Samsung threw out the gams and poured out the bubbly to showcase some cool prototypes and forthcoming products at its Global Road Show in New York City. Highlights included:
- A prototype 40-inch active-matrix OLED (Organic LED) television which is HD-compatible and offers a WXGA 1200×800 widescreen pixel format. The display is driven by an amorphous silicon (a-S) AM backplane which enables fast video response times with low power consumption. Samsung’s OLED technology enables wide viewing angles with no color filters, no blacklight, and a potentially very thin chassis: Samsung estimates that shipping display eventually be 3 cm or less in depth.

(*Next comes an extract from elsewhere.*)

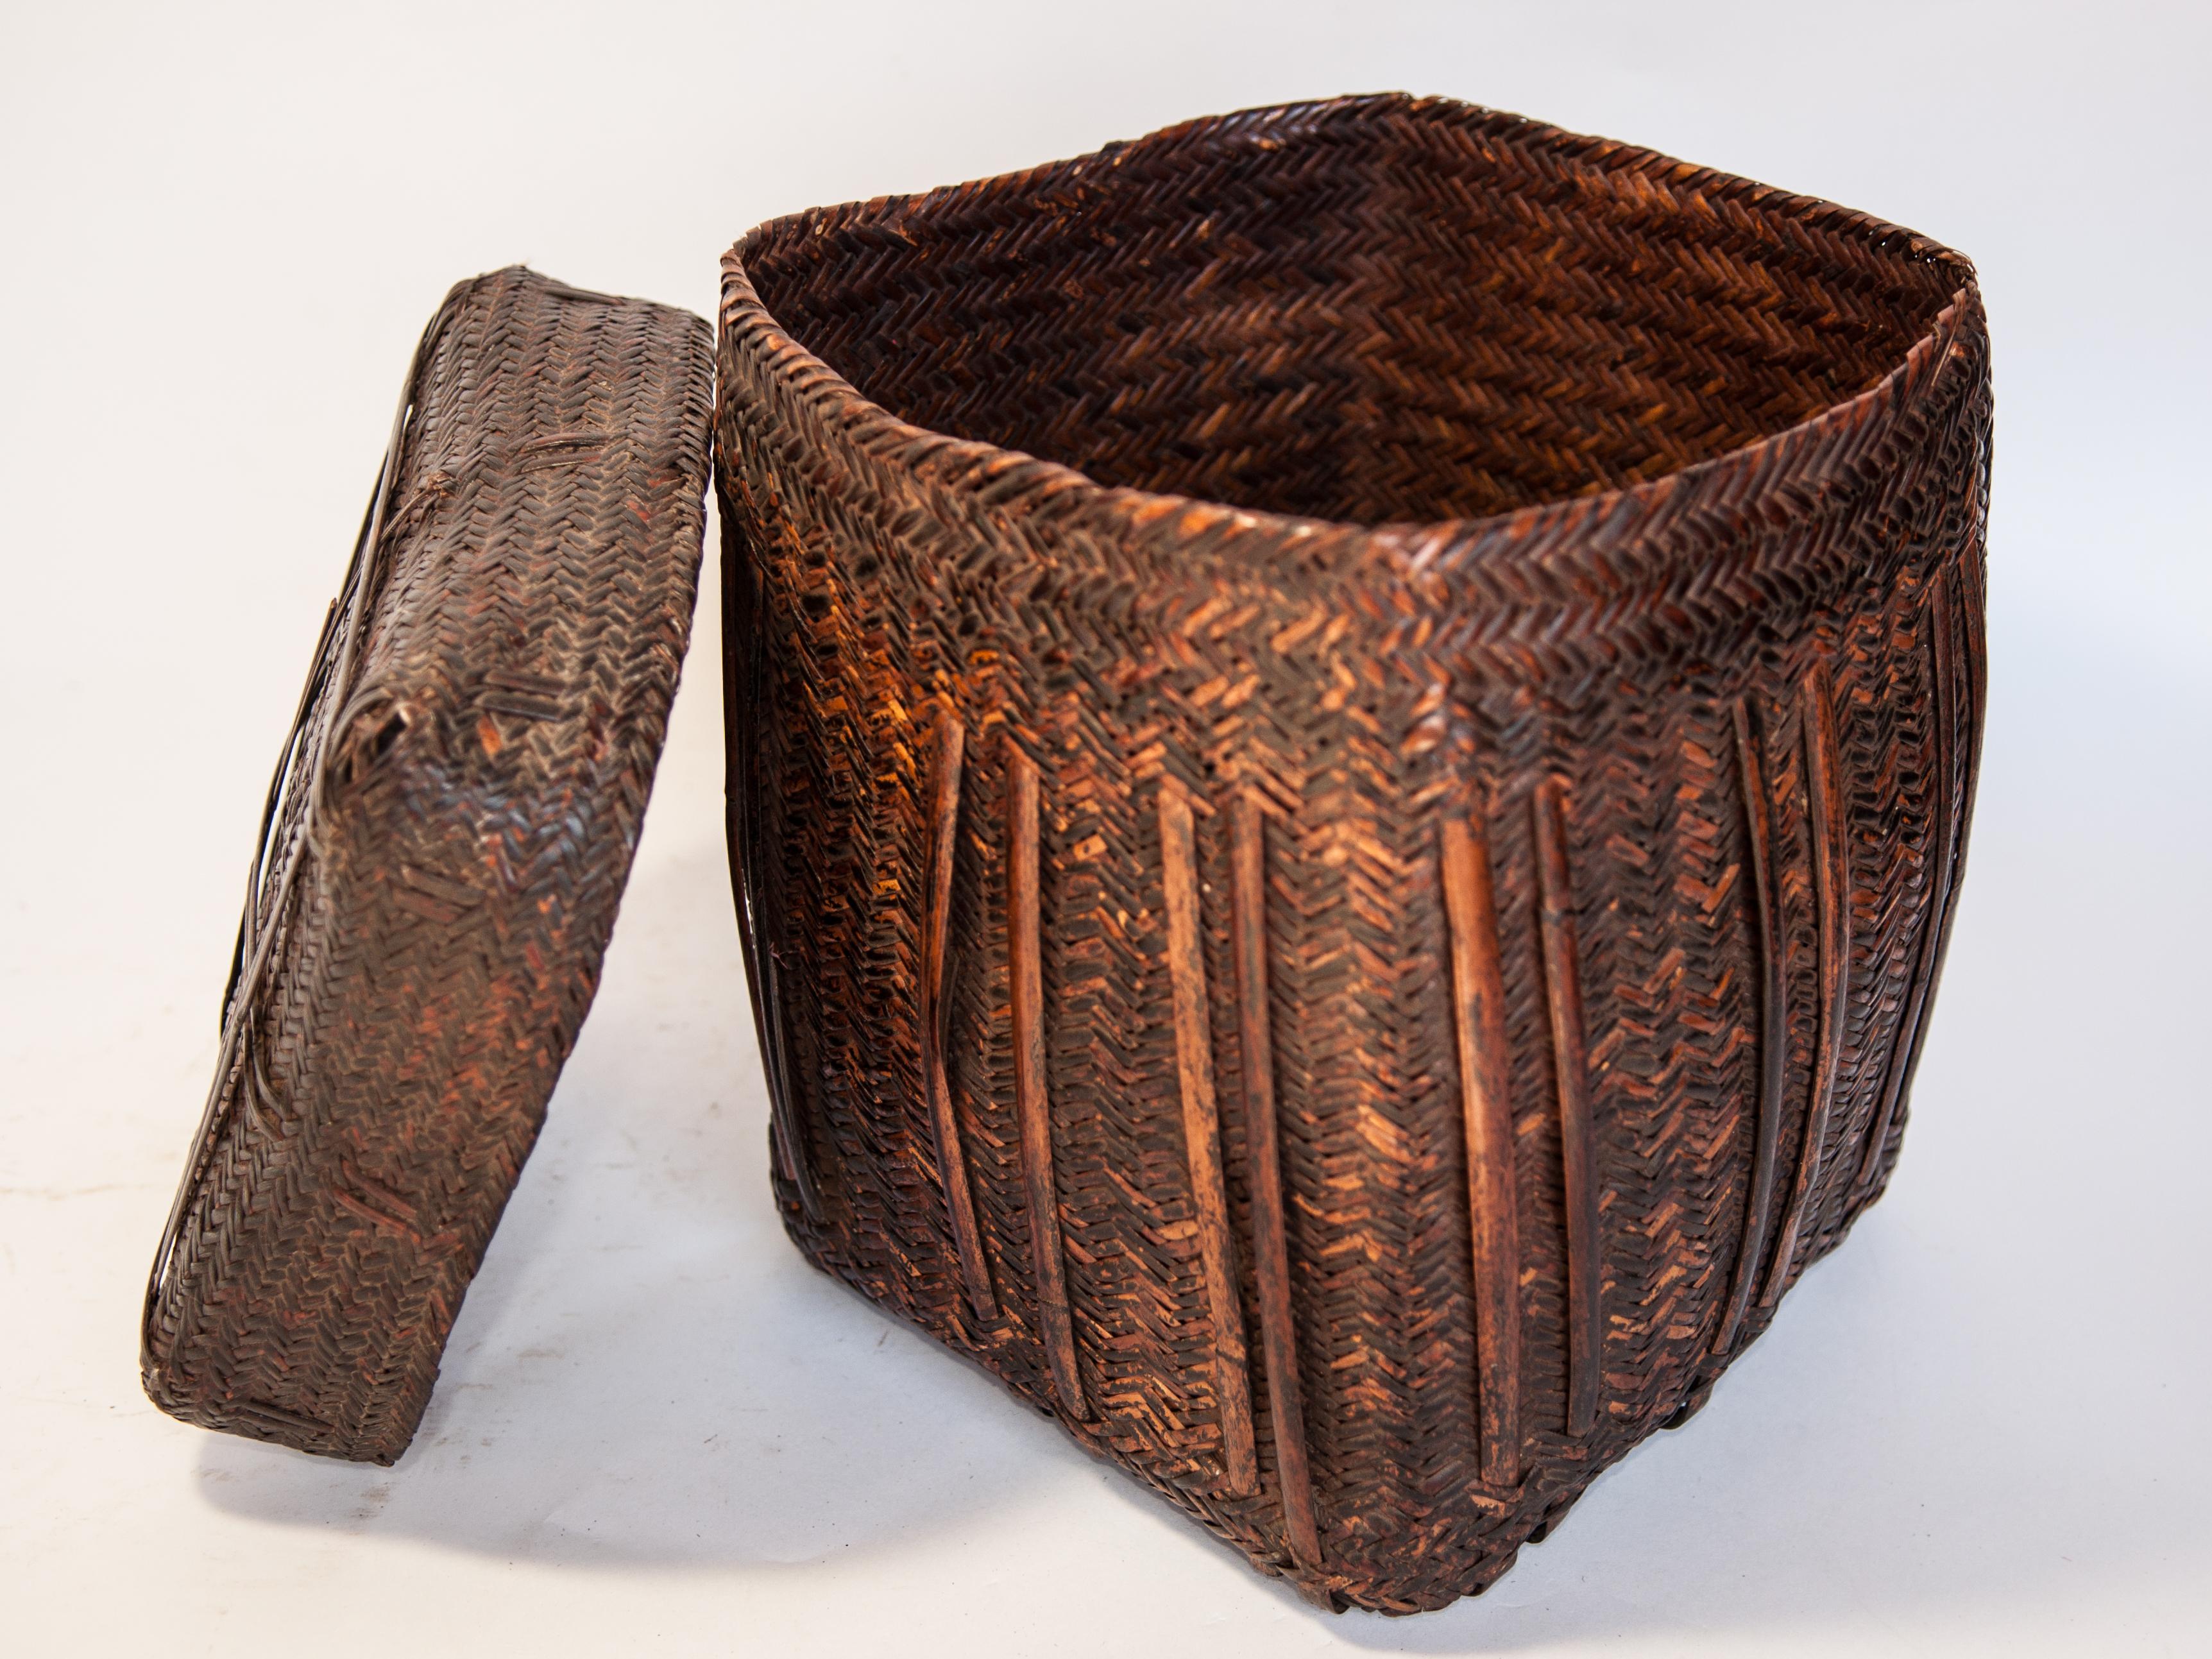 Rustic Tribal Storage Basket with Lid from the Tamang of Nepal, Mid-20th Century 4

- An 82-inch TFT-LCD TV with an 8 ms response time and a 1920 by 1080 pixel resolution. The display offers low power consumption and light weigh, and supports 1080 progressive scanning, which is essentially double the resolution of a 1080i display. A built-in HDMI port lets the display be used as a computer monitor, too.

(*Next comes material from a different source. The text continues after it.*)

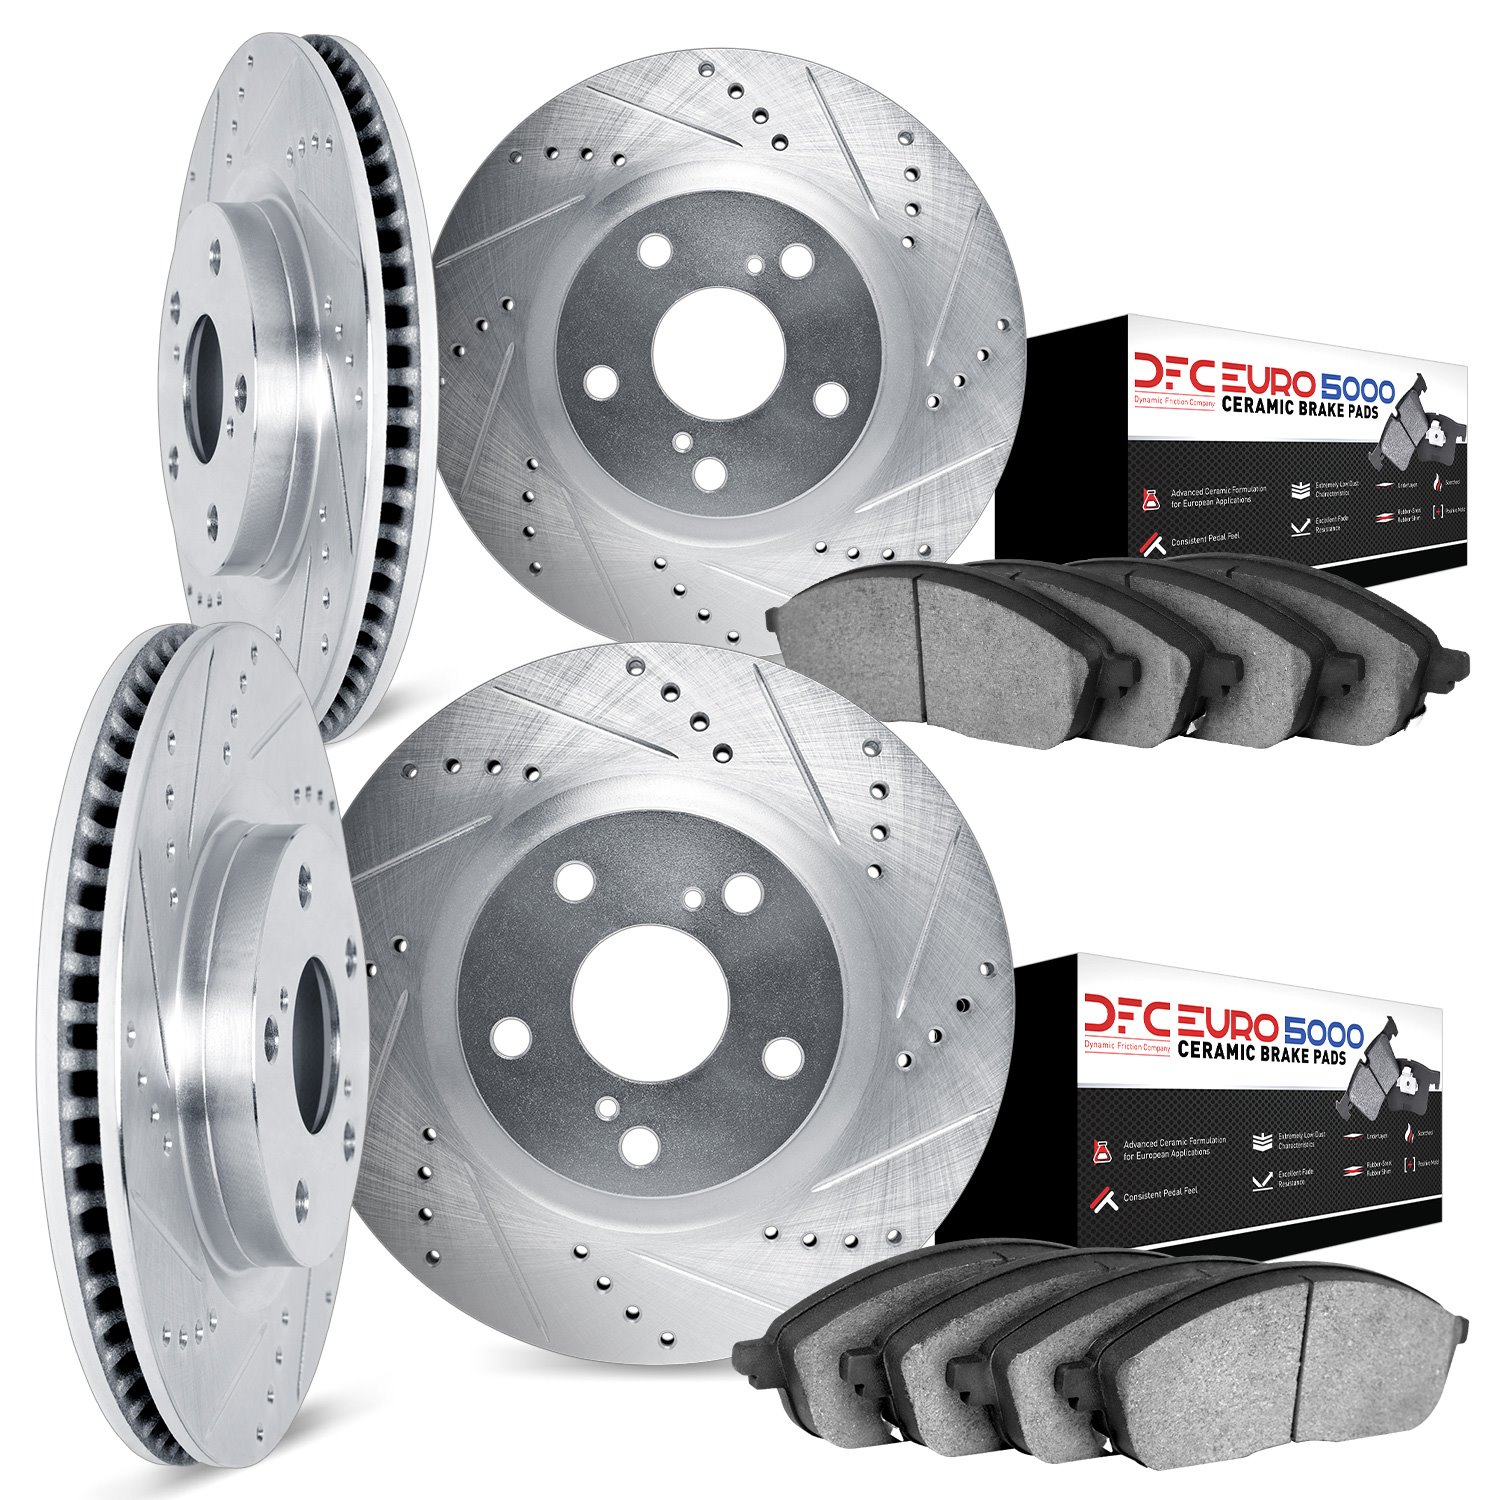 7604-02005 Drilled/Slotted Brake Rotors w/5000 Euro Ceramic Brake Pads Kit [Silver], 1989-1997 Porsche, Position: Front and Rear

- A mammoth 102-inch progressive scanning plasma display panel (PDP) television with a 2000:1 contrast ratio. The unit also features Samsung’s Digital Natural Image engine (DNIe) which provides for up to 68.7 million colors and a brightness ratio of 1000cd/m2.

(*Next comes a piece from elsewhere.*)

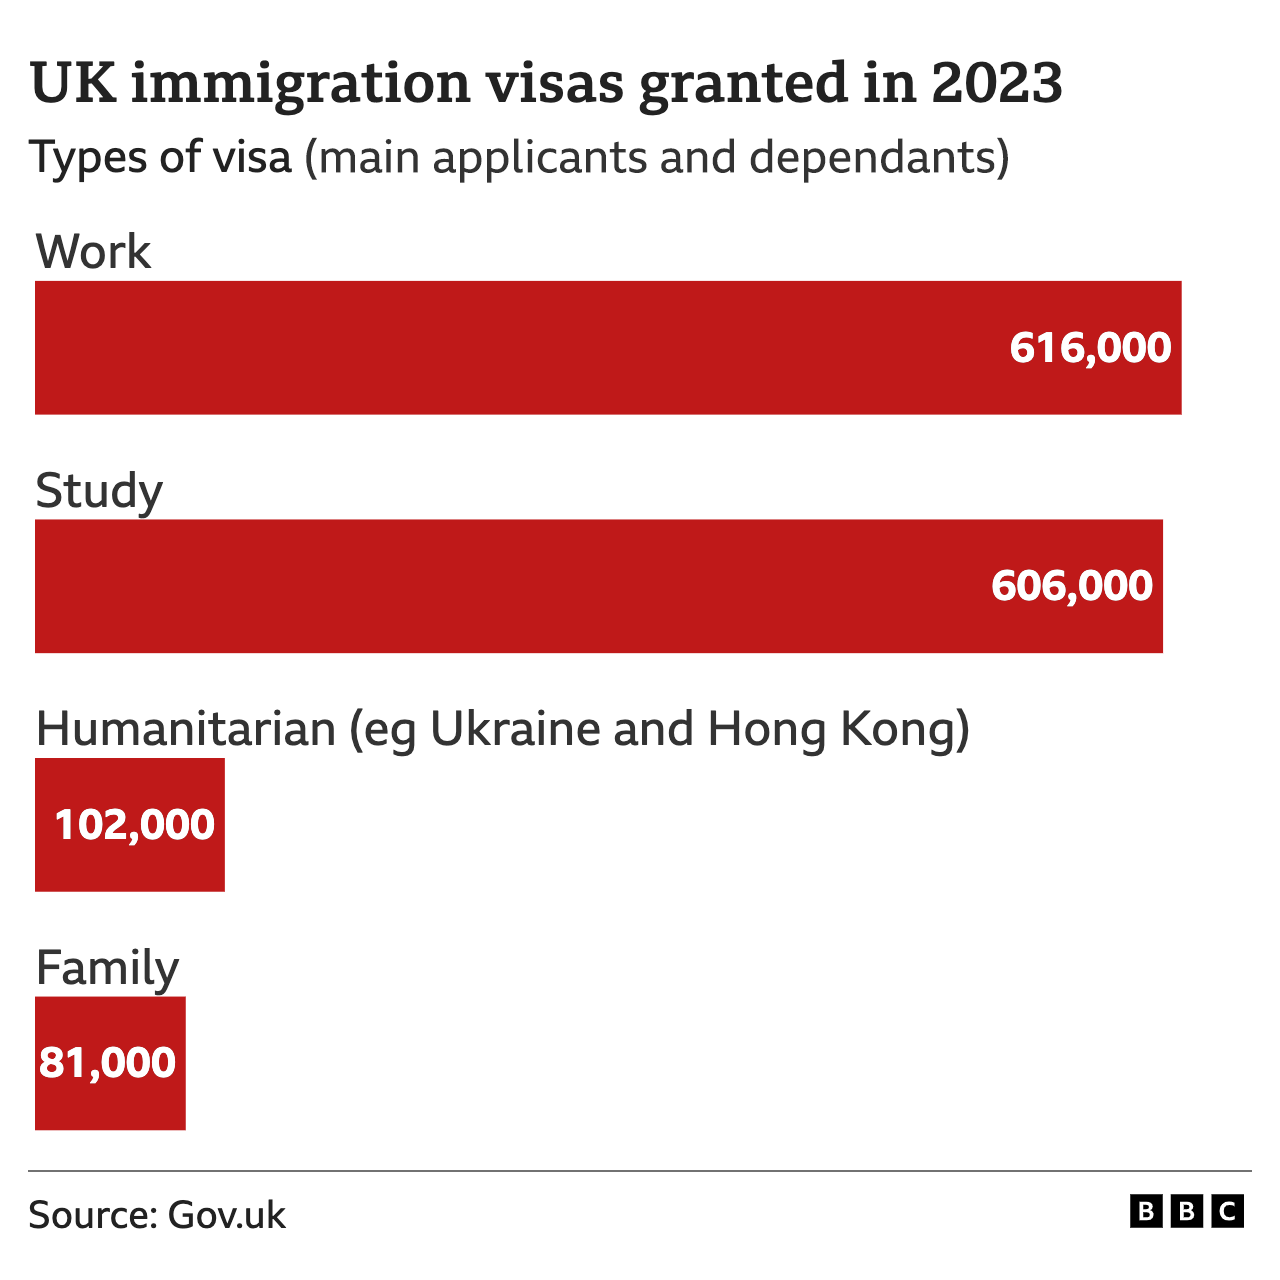 UK immigration visas granted in 2023

- The YM-PD1 portable multimedia player with DMB (Digital Multimedia Broadcasting) functionality and a built-in 30 GB hard disk for playing back movies and music. The player features a 4-inch TFT-LCD enhanced by Samsung’s DEi technology, with a TV-out option for playing content on larger screens and home networks. DMB is a broadcasting format which isn’t yet available in the U.S., but is making waves in South Korea for providing digital radio and television to mobile devices.
But wait! There’s more! Not content to rule the arena of digital devices in your office and pocket, Samsung also showed off a new speed-cook oven and a four-door refrigerator!
The Quatro Freedom Four-Door Convertible Refrigerator offers four separate, odor-isolated compartments which can be set to different temperatures, from a slightly-chilly 50°f all the way down to -13°F for hard freezes—or anywhere in between. Need more freezer space to accommodate all the fresh elk steaks from your recent hunting trip? Not a problem: adjust a couple compartments to be freezers. Throwing a big event and need to store lots of party platters until evening? Not a problem: adjust a couple compartments to offer produce-compatible refrigeration. The Quatro Freedom will be available in February 2006 for a mere $3,000, and will be available in four colors (can I get one color for each door?) to integrate into your decor with “seamless harmony”—and there’s even an option for an in-door beverage station with ice-maker! Hey, get a Quatro Freedom and your friends may never go home again.
And it’s certain your friends will never leave if they see your elegantly-named FQ159ST speed cook oven! Samsung’s speed cook technology combined dual convention (that’s hot air from the right and the left), upper grill, bottom grill, and microwave cooking capabilities to create an oven which can be used to bake, roast, broil, toast, and (we’re sure) burn your food up to four times faster than a conventional oven. Hallelujah! Actually, I shouldn’t poo-poo the idea: the only combination convection-microwave oven I’ve ever used (also a Samsung!) was quite useful, and could be used to produce actual cooked entrees which resembled neither plastic nor charcoal. It would have been even easier if that oven had, like the FQ159ST, been pre-programmed with twelve popular recipes, from “homemade meat loaf to mouth-watering lasagna to decadent cake.” Instead, all I got was a badly translated, typo-filled recipe book which said “Do not use metal in a microwave!” on every page. But! Such good advice!